Cluster environmental space using posterior beta draws
Source:R/PosteriorCluster.R
PosteriorCluster.RdImplements option D of the Bayesian clustering workflow: draws K sets of beta coefficients from the posterior, produces a weighted environmental raster for each draw, samples points from each, and records how often pairs of sample points are assigned to the same cluster. The resulting co-occurrence probability matrix is then used to derive a consensus clustering.
Cells that co-cluster with probability near 1 across all draws are robustly
similar in environmental space. Cells near boundaries that shift across draws
— where the model is uncertain which variables matter most — will have
intermediate co-occurrence probability. This boundary-instability surface is
returned separately as StabilityRaster and is directly meaningful for
targeting collection effort.
Usage
PosteriorCluster(
model,
predictors,
f_rasts,
pred_mat,
training_data,
n_draws = 100,
n = 10,
n_pts = 500,
lyr = "occurrence_prob_mean",
planar_proj,
coord_wt = 2.5,
consensus_method = c("hierarchical", "pam"),
beta_draws = NULL,
seed = 42
)Arguments
- model
A
brmsfitobject frombayesianSDM().- predictors
A
SpatRasterstack ($PredictorsfrombayesianSDM()).- f_rasts
The rasters output from
bayesianSDM(), used to define the spatial mask and domain.
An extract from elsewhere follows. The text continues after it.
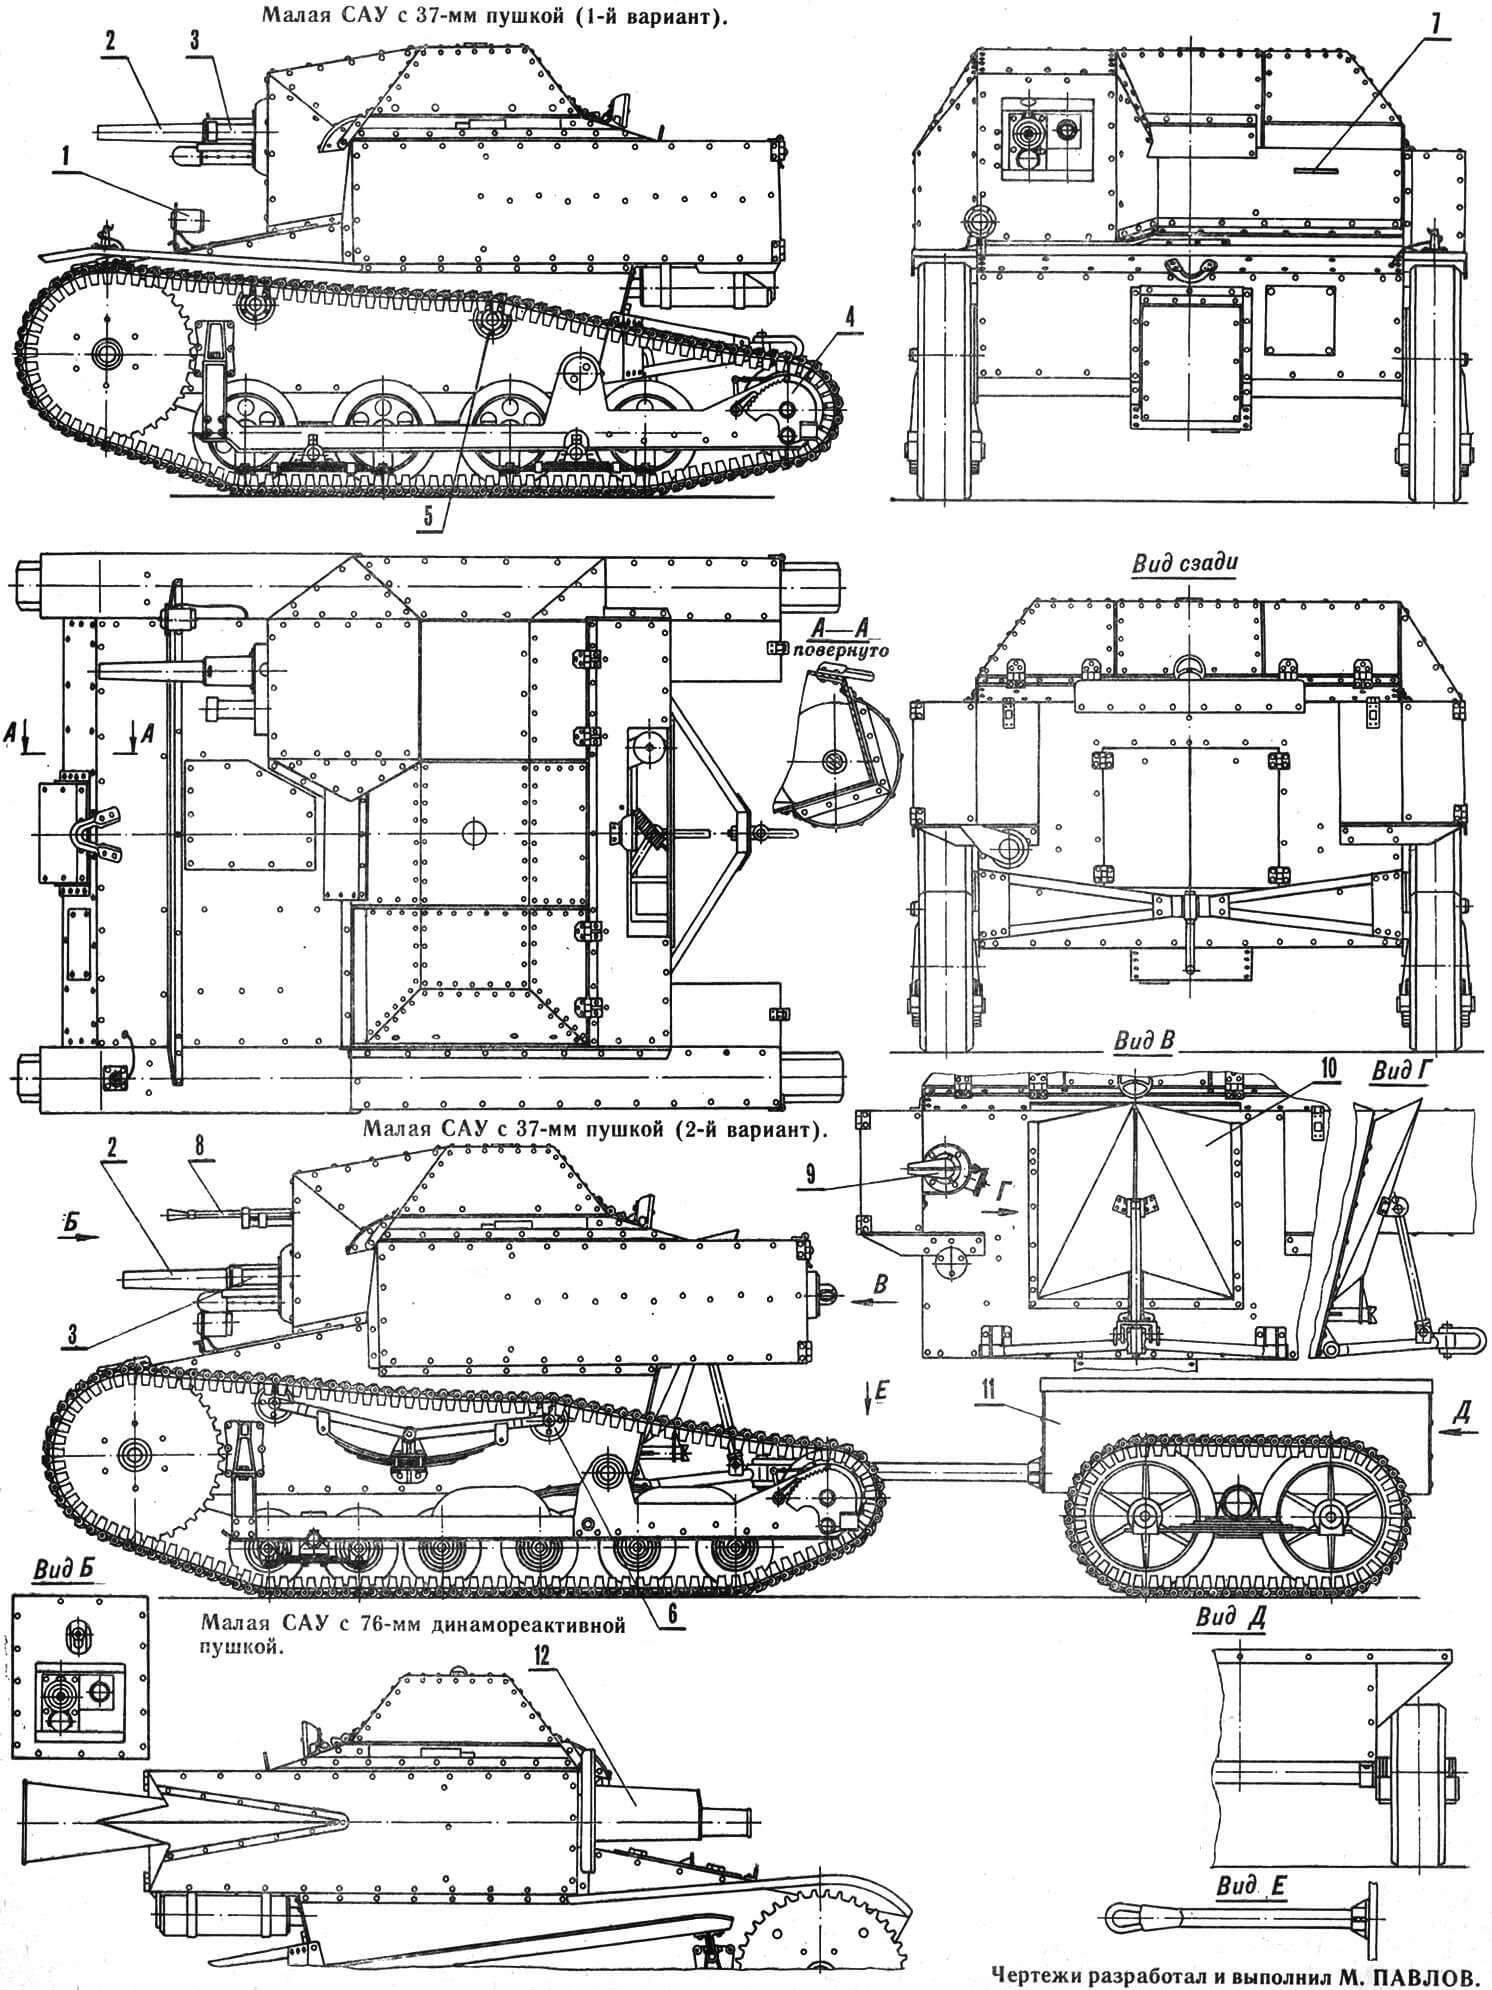 Самоходко-артиллерийские установки на базе Т-27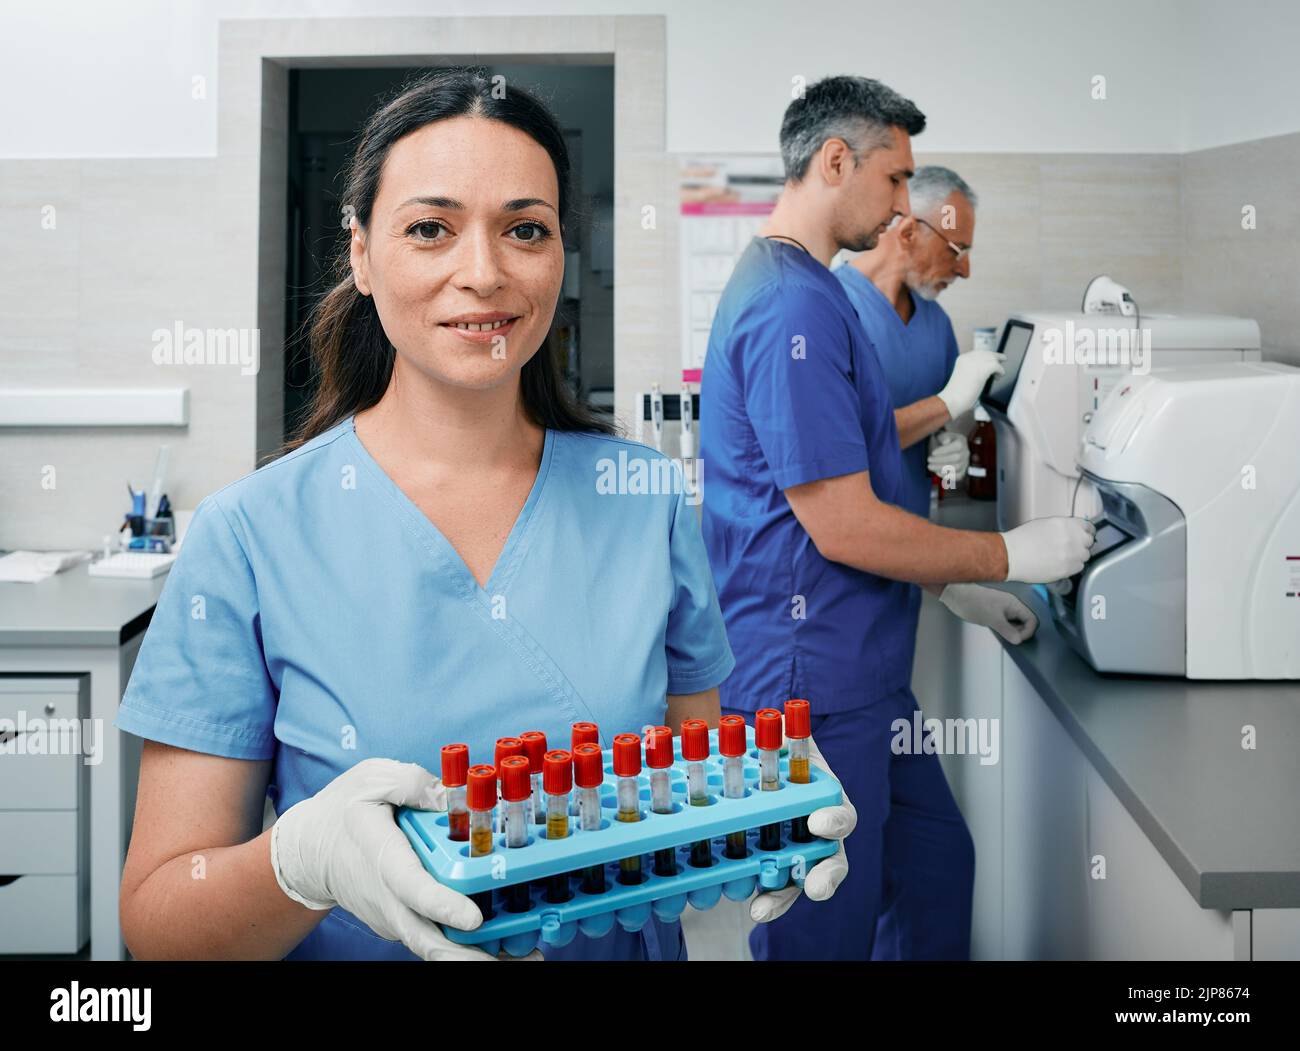 Científico de laboratorio de diagnóstico que sostiene un rack de tubos de ensayo con muestras de sangre cerca de trabajadores de laboratorio que realizan investigaciones en máquinas de laboratorio Foto de stock

Specifically uses$RasterPredictions.- pred_mat
Data frame or matrix (
$PredictMatrixfrombayesianSDM()).- training_data
sfobject ($TrainDatafrombayesianSDM()).- n_draws
Integer. Number of posterior beta draws to cluster over. Defaults to
100. Values between 50–200 give stable co-occurrence matrices for typical SDM datasets (< 2000 obs, < 20 vars).- n
Integer. Number of clusters per draw. Passed to
EnvironmentalBasedSample()internals.- n_pts
Integer. Points to sample per draw for clustering. Defaults to
500. The same points are used across all draws (fixed spatial frame) so co-occurrence is directly comparable.- lyr
Character. Layer name in
f_raststo use as the spatial domain mask. Defaults to"Threshold"(thePostProcessSDM()output name).- planar_proj
Numeric EPSG or proj4 string for planar projection.
- coord_wt
Numeric. Coordinate weight, as in
EnvironmentalBasedSample(). Defaults to2.5.- consensus_method
Character. How to derive the final clustering from the co-occurrence matrix. One of:
"hierarchical"Average-linkage hierarchical clustering on
(1 - co_occurrence)as a dissimilarity. Stable and interpretable. Default."pam"Partitioning Around Medoids on the dissimilarity matrix. More robust to outliers than hierarchical.
- beta_draws
Optional matrix of pre-drawn posterior samples (rows = draws, cols = parameters, as from
brms::as_draws_matrix()). IfNULL, draws are taken internally. Supply this to reuse draws across multiple calls.- seed
Integer. Random seed. Defaults to
42.
Value
A list:
Geometrysfpolygon layer of consensus clusters (compatible withEnvironmentalBasedSample()$Geometryoutput).CoOccurrenceMatrixNumeric matrix (n_pts × n_pts). Each tupple is the proportion of draws in which points i and j were assigned to the same cluster.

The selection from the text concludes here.